§ Action item
Output the data verbatim, minus the images.

§ Information provided
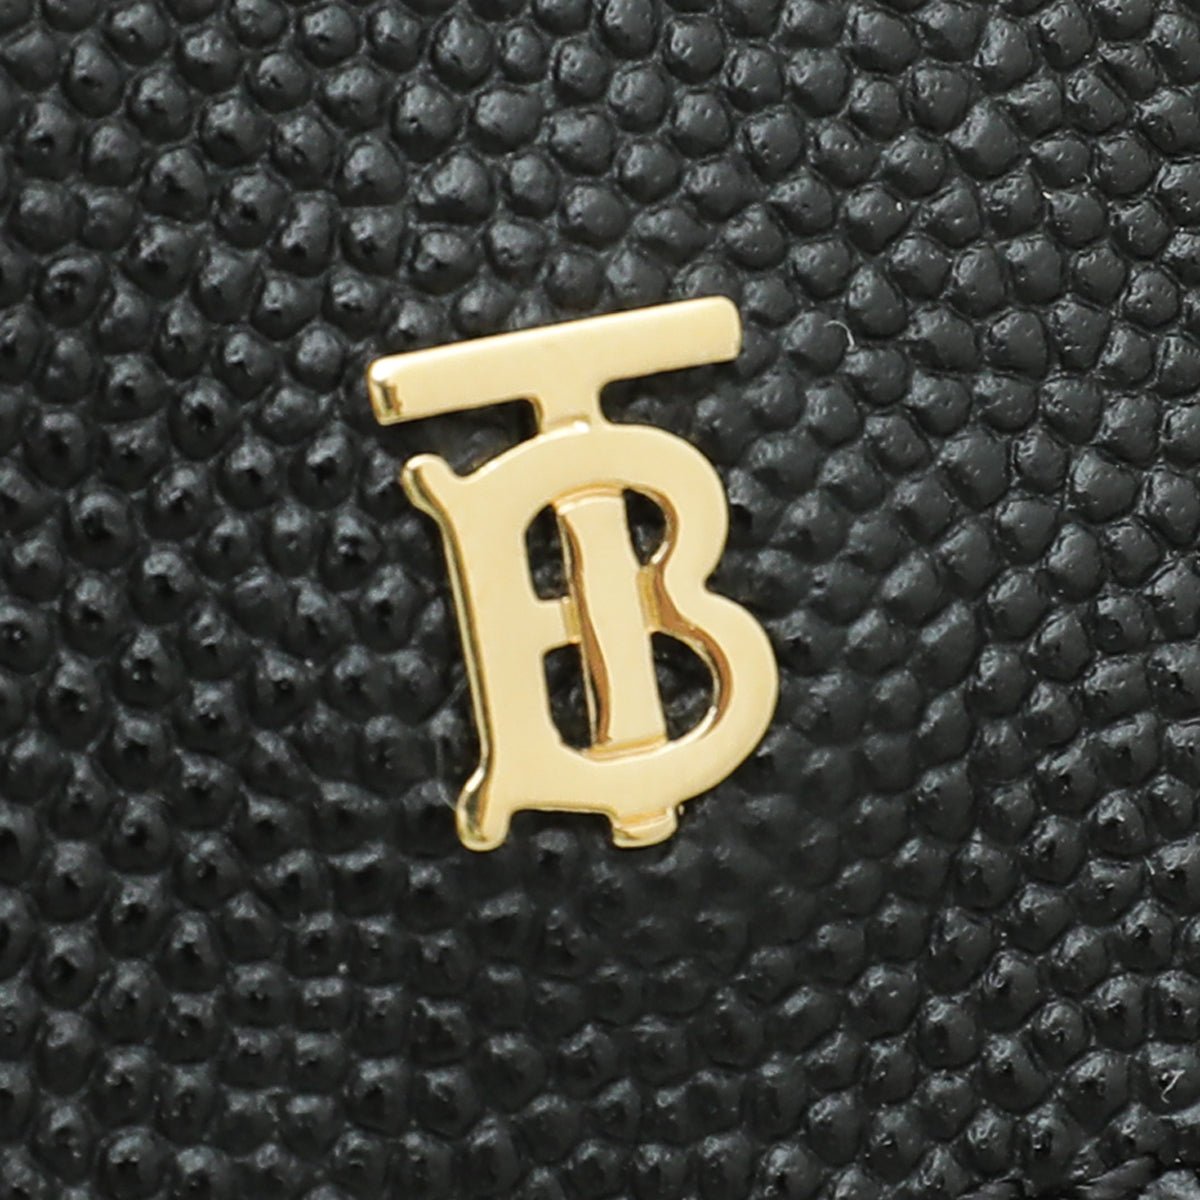 Burberry Tb Logo Chain Wallet in Black
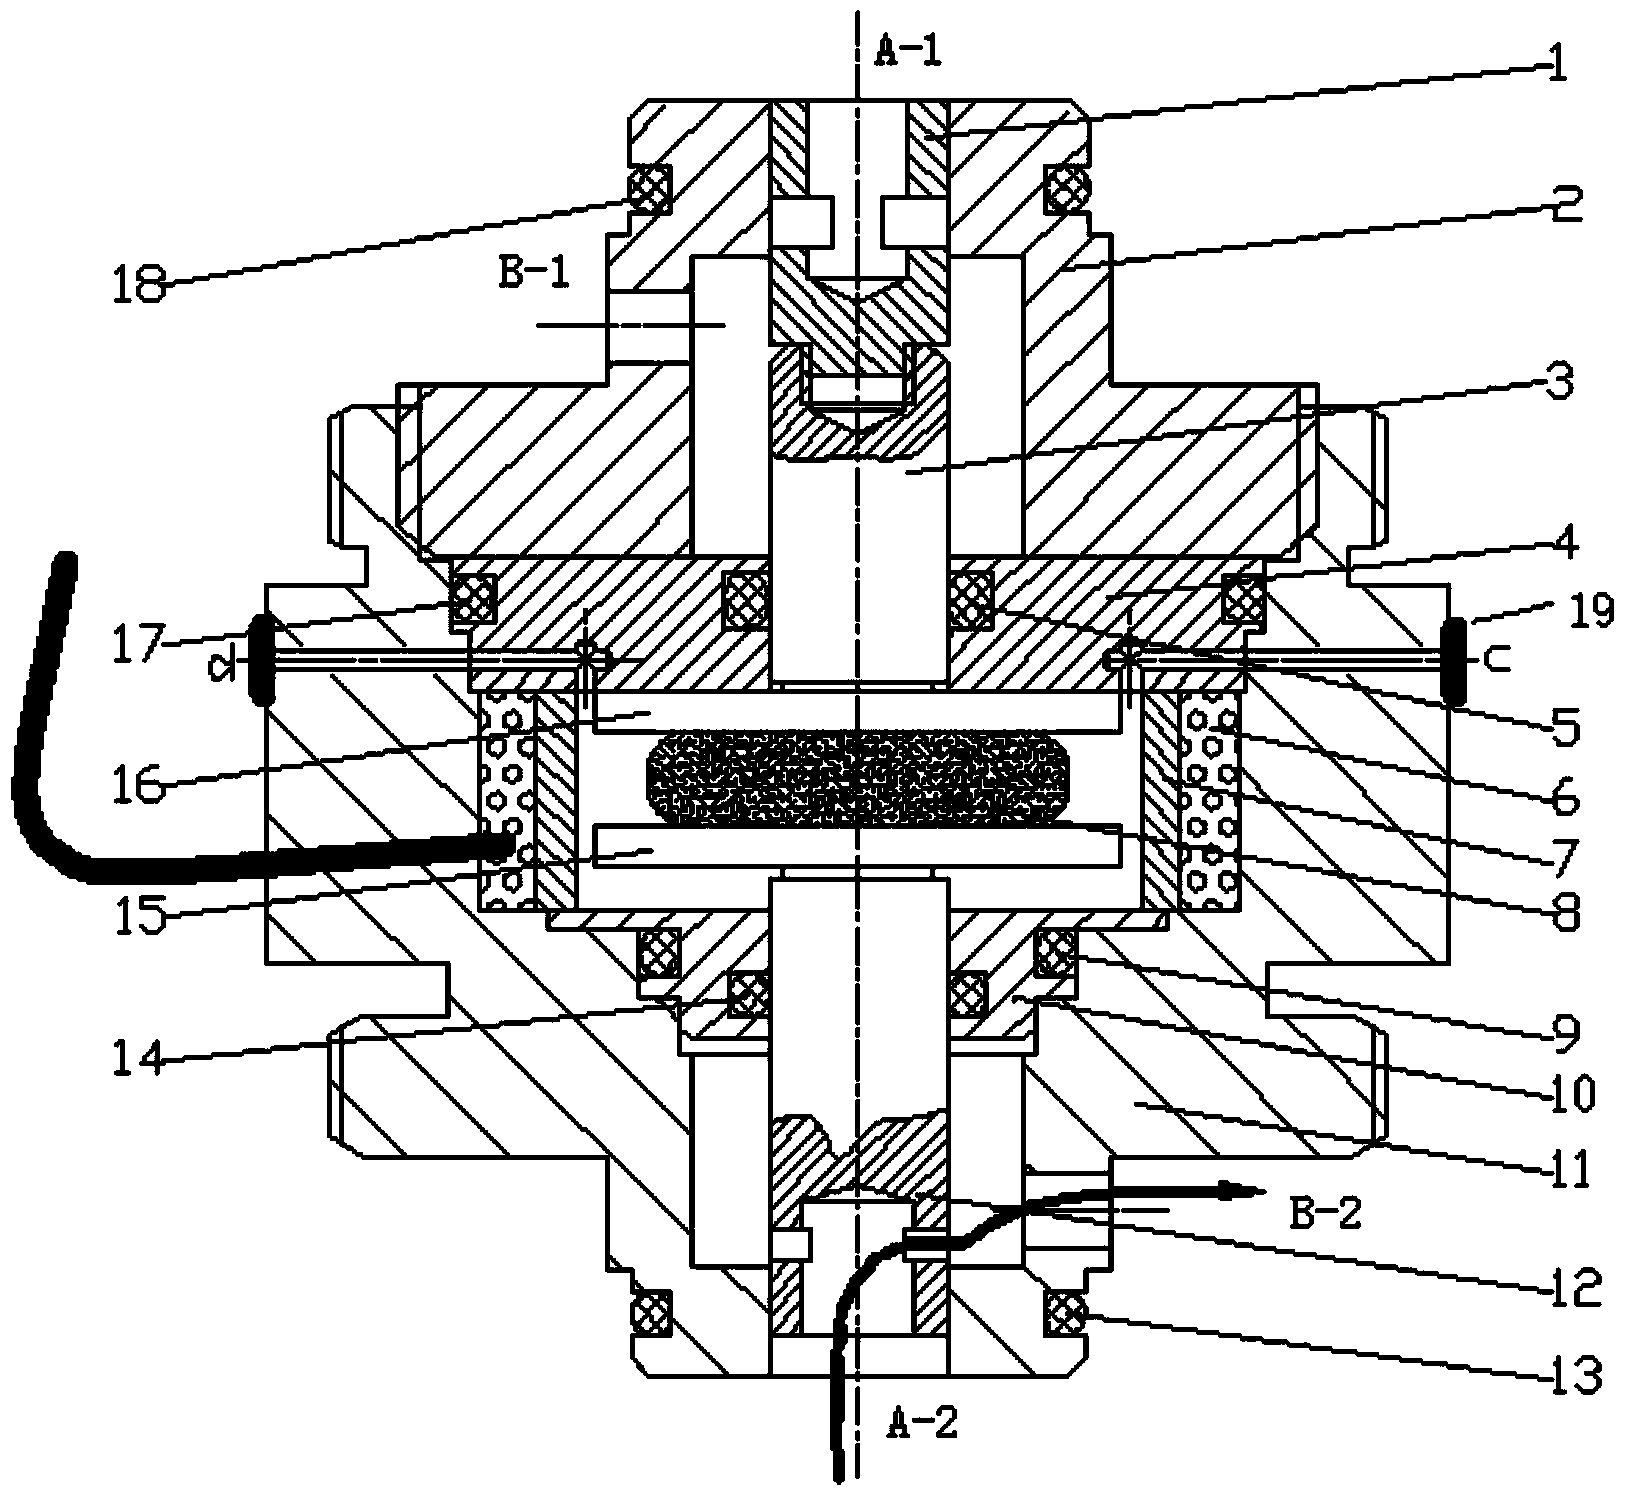 Two-way flow control valve
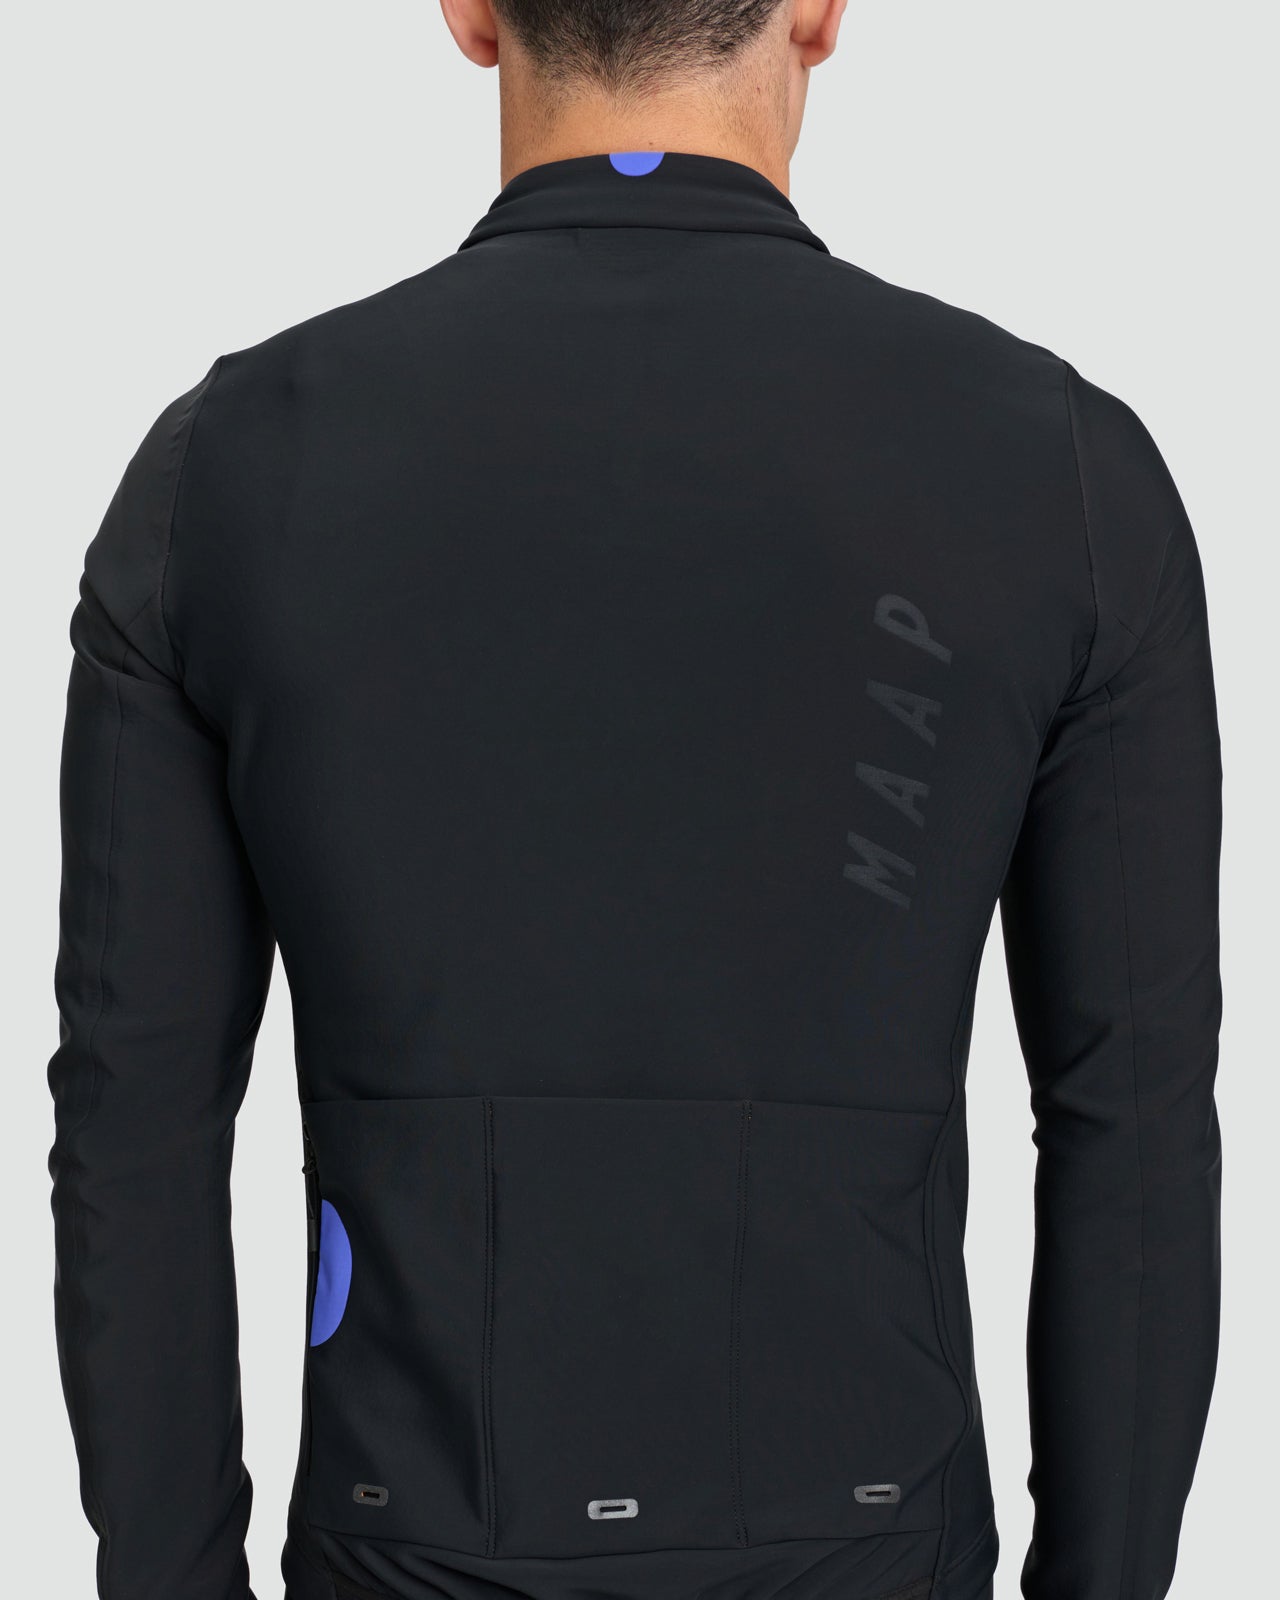 Apex Winter Jacket 2.0 - MAAP Cycling Apparel
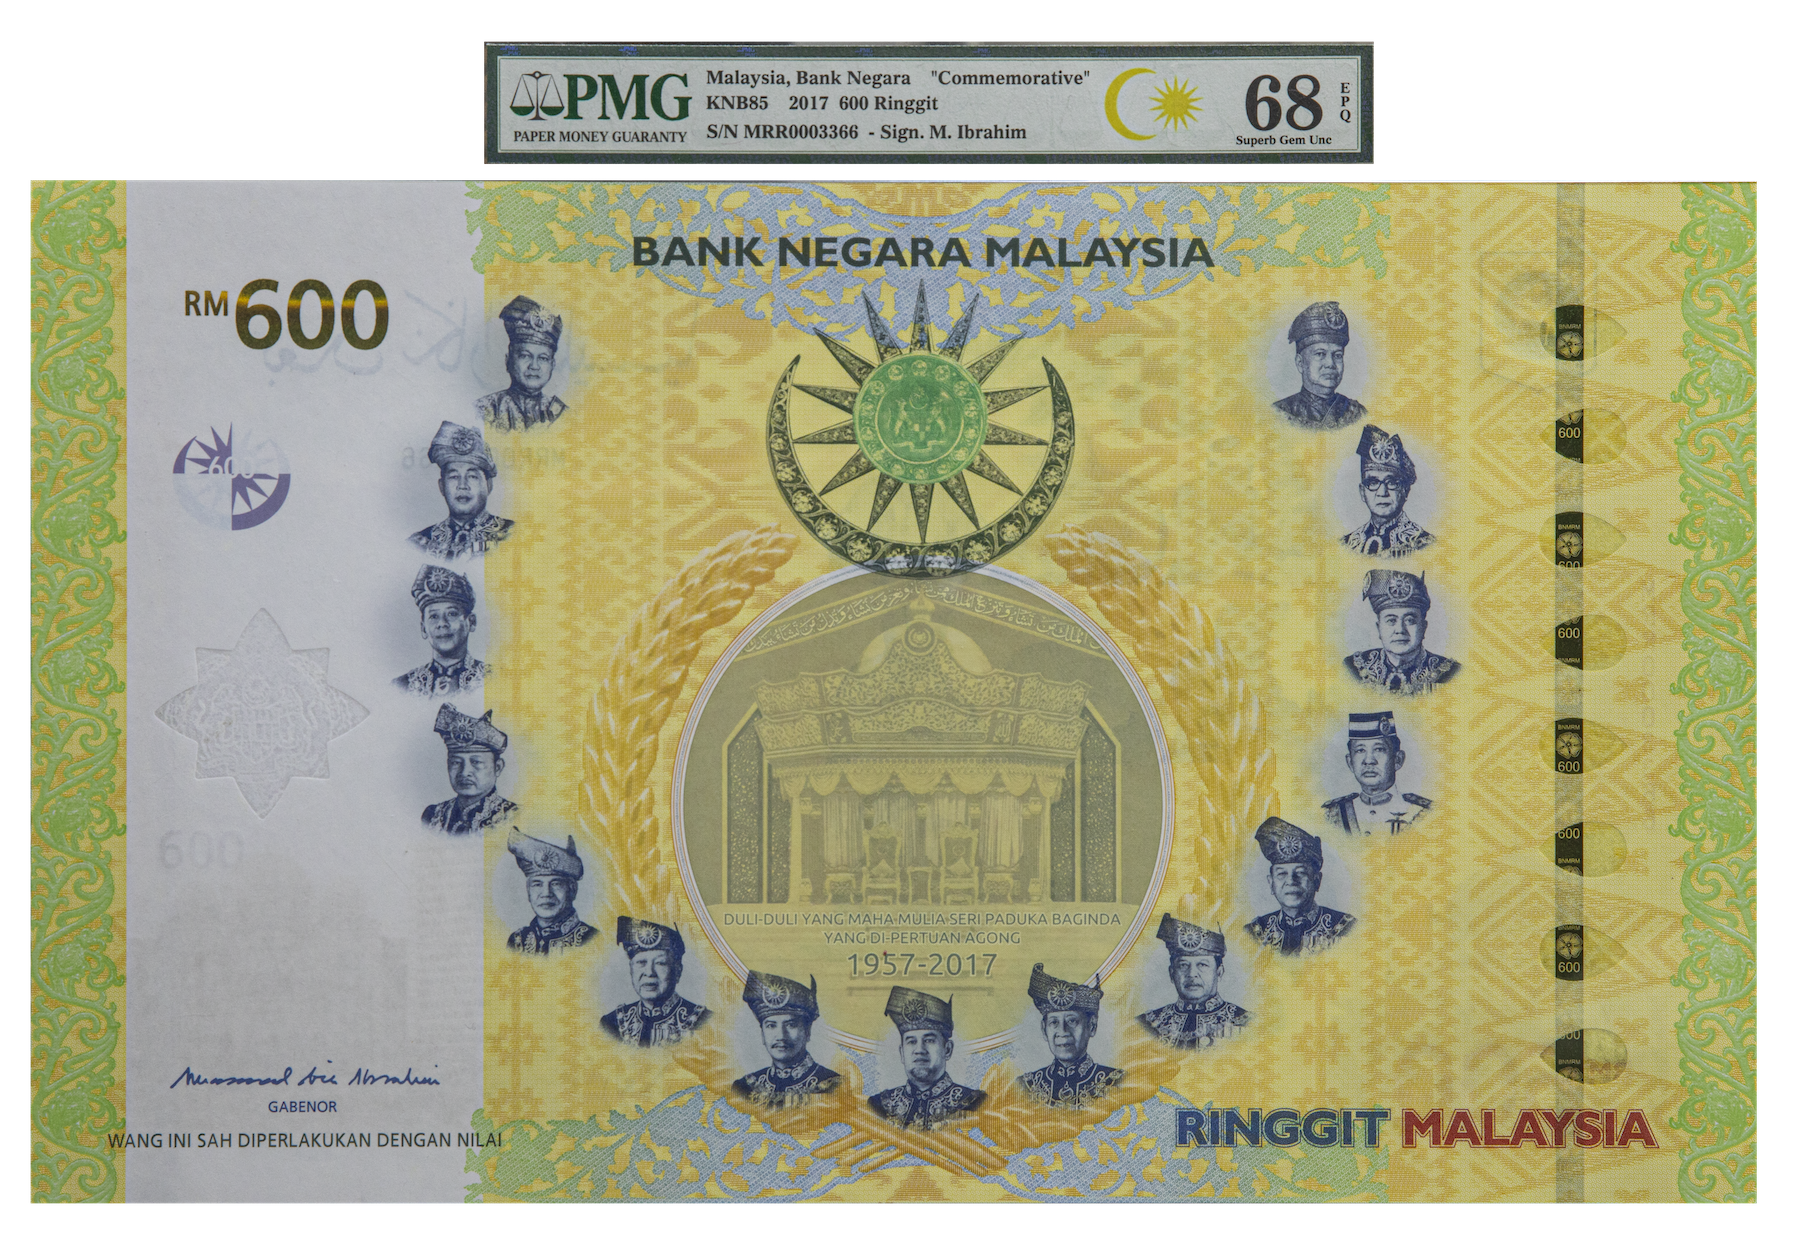 Bank Negara Malaysia 2017 Commemorative Issue 600 Ringgit Mrr00003366 Pmg68epq Monetarium Singapore Private Limited

§ Response area
 Burberry Tb Logo Chain Wallet in Black
 Two-way flow control valve
 Apex Winter Jacket 2.0 - MAAP Cycling Apparel
 Bank Negara Malaysia 2017 Commemorative Issue 600 Ringgit Mrr00003366 Pmg68epq Monetarium Singapore Private Limited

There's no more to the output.